MTN Nigeria has reported received provisional approval from the Nigerian Central Bank for the establishment of a mobile money service in that country.
Business Insider reports that MTN has been seeking a payments service bank (PSB) license from the Central Bank of Nigeria (CBN) since 2018 in a bid to provide financial inclusion to an estimated 60 million Nigerians (mostly in rural areas) who do not have access to financial services.
This approval, pending a substantive license later, comes as a welcome news for MTN and for Nigerians as a whole.
In a regulatory filing with the Nigerian Exchange Ltd earlier on Friday, MTN Nigeria is said to have disclosed that it is in the preliminary stages of a long process toward full approval.
As part of the process, MTN Nigeria would be required to fulfil a number of conditions, including depositing a minimum capital of $12million to the CBN.
MTN Nigeria however, expressed optimism that it would eventually get the PSB license, and reaffirmed its commitment to the financial inclusion agenda of the CBN in Nigeria.
MTN and other non-financial companies have long been awaiting their PSB licenses since the Nigerian Government first announced its willingness to issue them in 2018.
Telecom companies like MTN and Airtel looked forward to taking advantage of the more than 60 million Nigerians who are estimated to be financially excluded, by providing them access to financial tools.
But the central bank has since been dragging its feet, allegedly because some Nigerian banks have been mounting stumbling blocks in the way of efforts to license mobile money operations in Africa’s most populous country. The banks were allegedly worried about what mobile money would mean for their operations, a situation the deviled the birthing of mobile money in Ghana.

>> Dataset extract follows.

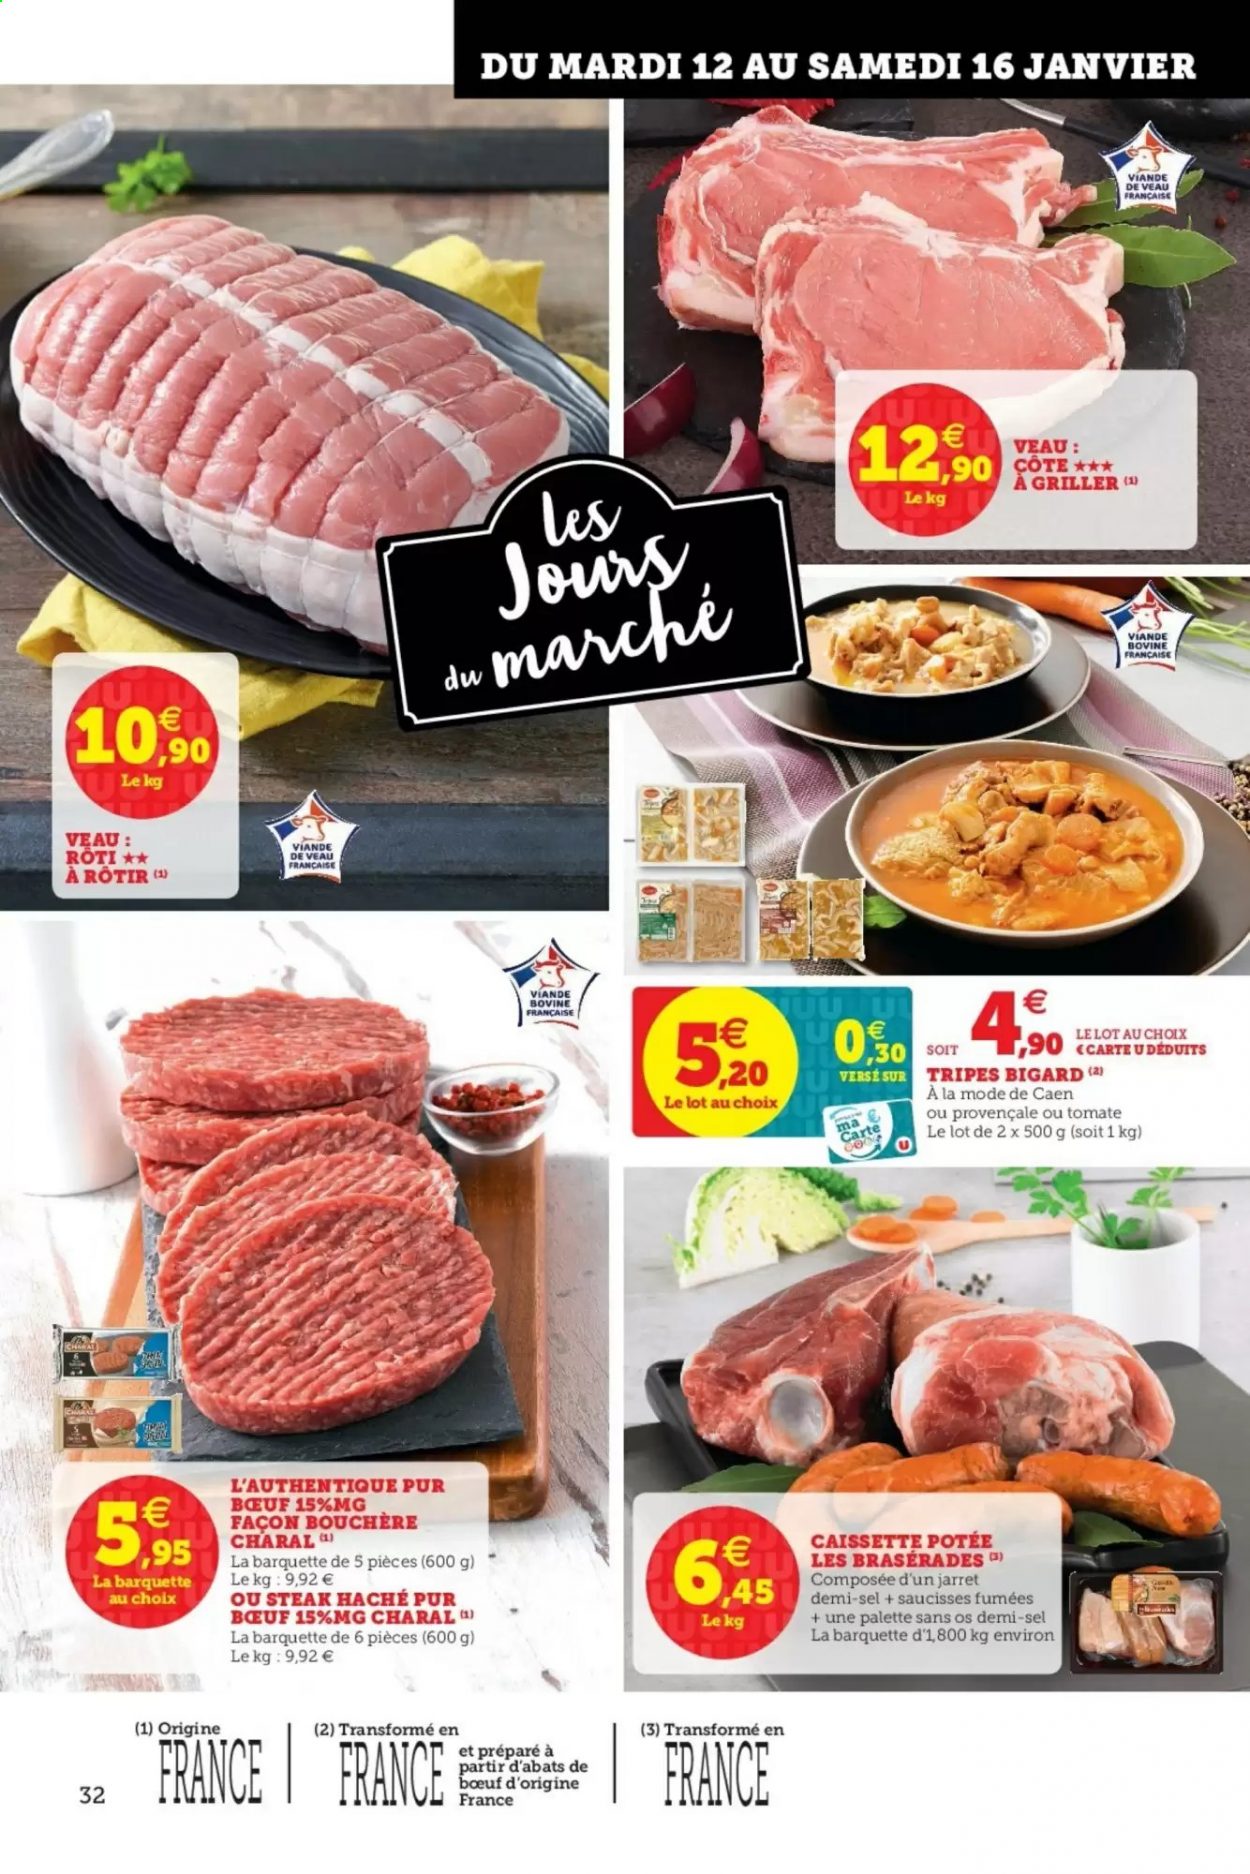 thumbnail - Catalogue HYPER U - 12/01/2021 - 23/01/2021 - Produits soldés - viande de veau, steak haché, viande hachée, saucisse, Palette. Page 32.

The Nigerian government recently launched a Central Bank Digital Currency (eNaira), which would need digital wallets to work effectively. Even though the CBN approved the operations of some speed wallets to facilitate eNaira transactions, it seems to have found wisdom in issuing mobile money licenses that promises to deliver huge numbers of digital wallets to make the eNaira work.
In Ghana, the central bank has said it will not create any dedicated eCedi wallets because mobile money and other fintech wallets have created that service already.